Tools: Added new flag --userbuffer_auto in snpe-parallel-run to automatically detect and use the right buffer type based on tensor data type in the model.
Documentation: SNPE1 to SNPE2 migration guide is added.

BUG FIXES

Tools: snpe-throughput-net-run - capturing the status of lost thread in the result summary.
Tools: snpe-dlc-quant: Fixed abnormal DLC size increase when axis quantization is used.
Tool: Tensorflow Converter: Fixed issues with per-channel quantization of weights: set is_symmetric = true by default, added param "axis" and "is_symmetric" into weight encodings info.
HTP: solve vtcm overflow for transposeconv2d layer whose groups > 1, in depth= out depth, padding =0 and groups != in depth.

Known Issues:

DSP Runtime: Int4 models can see higher accuracy degradation than expected.
DSP Runtime: Observing accuracy issues on HTP for some networks using FP16.
Tools: Quantizer: The bc algorithm is not currently functional.
GPU Runtime: Some networks show accuracy issues due to bug in OpenCL, requires fix from META build.
Tools: Platform Validator will hang on some newer metabuilds. This is still being investigated with the platform team.
TF Converter: Some models with noops will fail to convert.
AIP runtime: --debug option in snpe-net-run is not functional.
AIP runitme: init_cache is not working.
AIP runtime: some models show inference regressions.
AIP runtime: some models show accuracy drop.
AIP runtime: some models with partitions between HTP and DSP fail in model initialization.
ONNX Converter: Quantization failure when there are multiple MatMul Ops with different weights dimension, and connected to a common input, the bias op (constant) is shared among them and therefore doesn't reflect the correct shape for each of them.
DSP Runtime: On HTP, when using lower performance profiles, de-init may take more time than in previous releases. This is because the DSP clock was artificially high in the earlier releases.
DSP Runtime: LSTM is not supported for HTP. It will be addressed in an upcoming release.
DSP Runtime: Squeezenet currently has accuracy issues on HTP.
DSP Runtime: YOLO networks show some accuracy issues for HTP.
DSP Runtime: Some models show inference regressions for HTP FP16.
Tools: Offline Prepare: Some models show issues related to offline prepare.
DSP Runtime: Some models are showing accuracy issues on HTP.
GPU Runtime: Some networks are showing accuracy issues.
Converters: TFLite Converter: Converter incorrectly handles weights for TransposeConv2D ops.
SNPE Core: LRN - Alpha scaling, Generate Proposals (Caffe2) and CropAndResize layers are not supported in this release.
GPU Runtime: Softmax layer doesn't support large tensor value in channel dimension.

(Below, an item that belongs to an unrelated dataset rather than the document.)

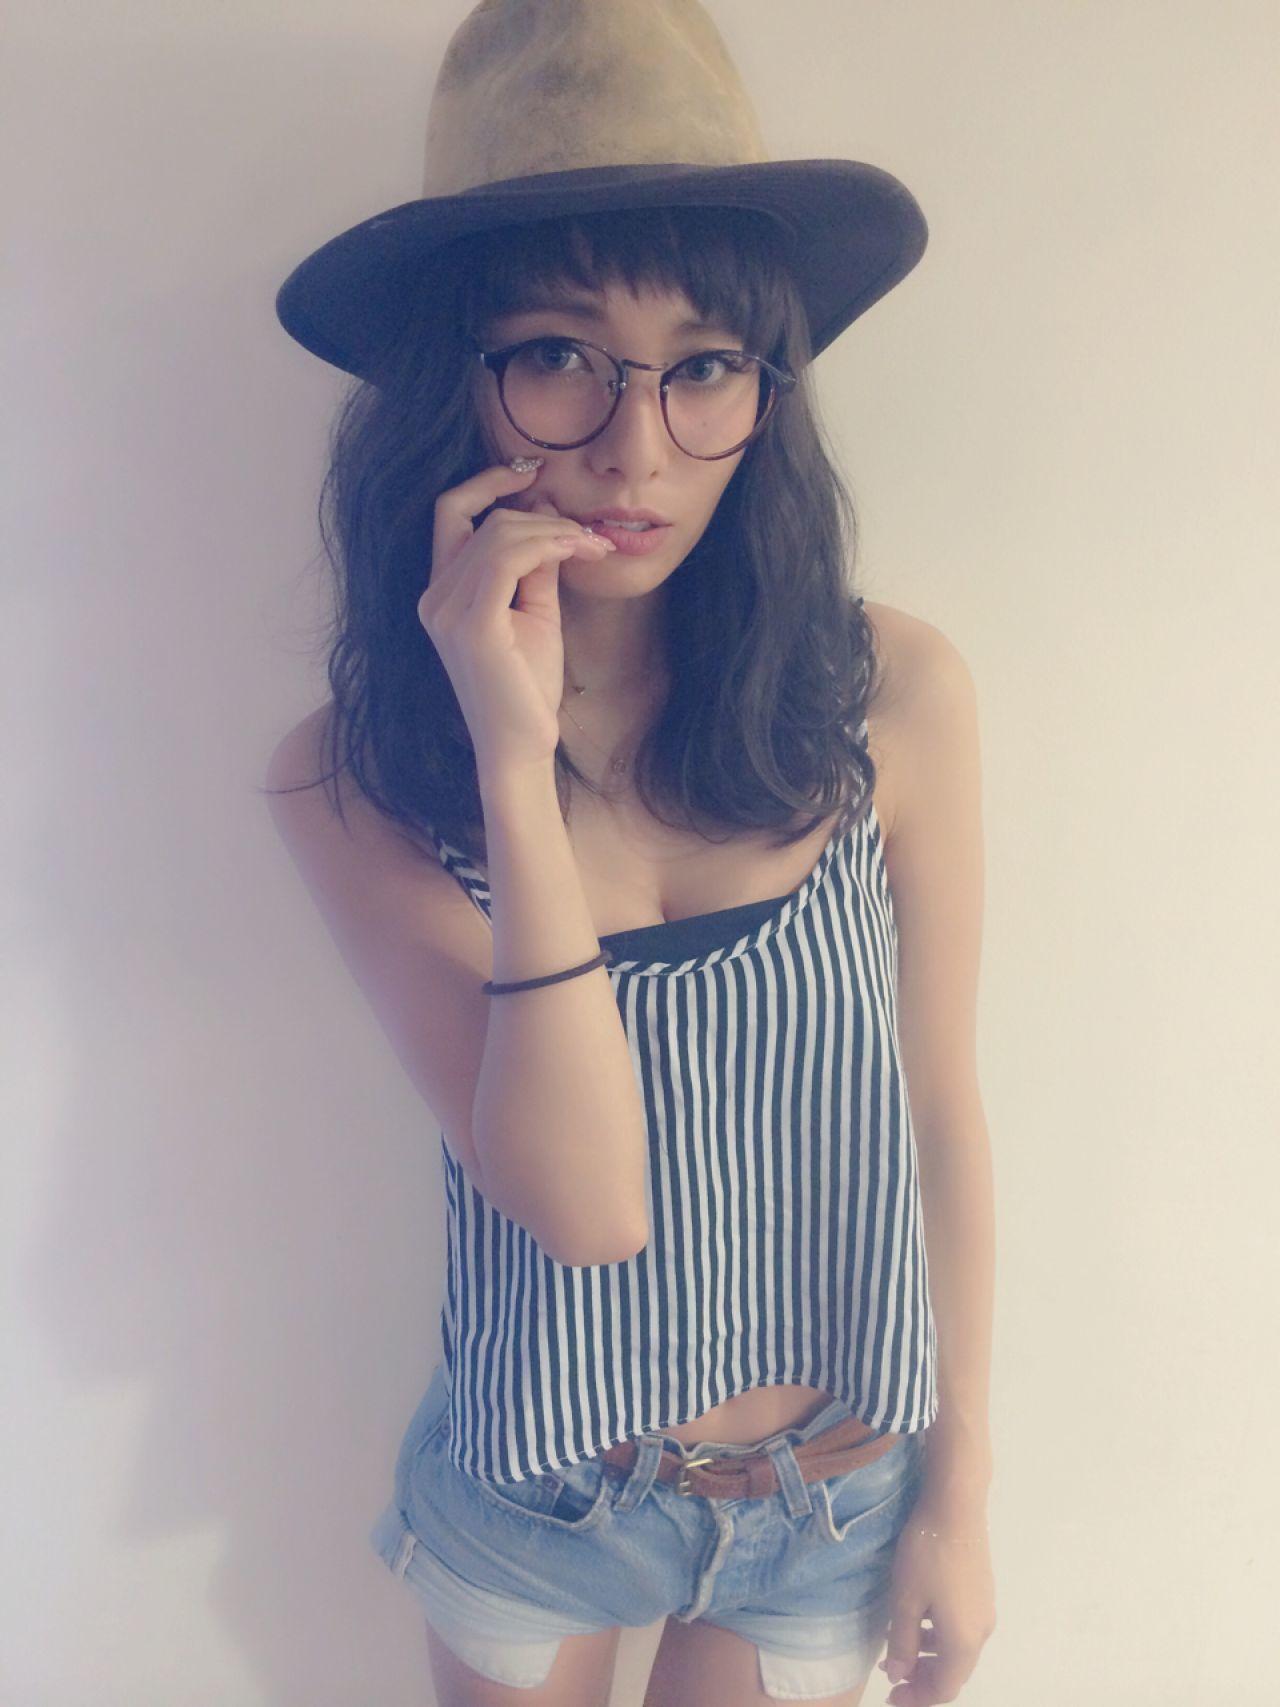 理想の長さにチェンジ♡ショートヘア×エクステでなりたい私♡の9枚目の画像

What's in Qualcomm Neural Processing SDK v1.68.0?

NEW FEATURES

This release uses Android NDK 19c for building the Android code
On HTP targets, the mechanism for handling floating point inputs and outputs has changed. For best performance, please specify the --use_float_io argument to the quantizer for offline prepare or the --buffer_data_type argument to both the quantizer and the runtime.
The HTP stub and skel artifacts have been renamed to libSnpeHtpV68Stub/Skel and libSnpeHtpV69Stub/Skel. Also, there is a separate libSnpeHtpPrepare.so for performing online prepare.

New Limitations

Core: Relaxed validation criteria for constant tensor for GPU backend.
SNPE GPU Runtime: VGG-16 and VGG-19 networks are not supported on SM6115, SM4250, SM6225, QRB5165, QCS610LE, QCS605
SNPE GPU Runtime: Some networks are showing minor mAP variations: Inception, Mobilenet, Resnet and VGG variants.
GPU Runtime: This release shows some performance regressions that will be addressed in the next release.
Tools: Android Sample App: UDO support in the Android Sample App is temporarily broken, and will be fixed in the next release.
DSP Runtime: Observing slight regression in accuracy for mobilenet V2 SSD and inception v3 model on SM8350 and SM7325.
ONNX Models like DETR with rank 3 inputs to Matmul followed by BiasAdd fail during conversion.
SNPE Core: LRN - Alpha scaling, Generate Proposals (Caffe2) and CropAndResize layers are not supported in this release.
SNPE Core: Support for Caffe2 BboxTransform and Caffe2 BoxWithNMSLimit is retired from this release.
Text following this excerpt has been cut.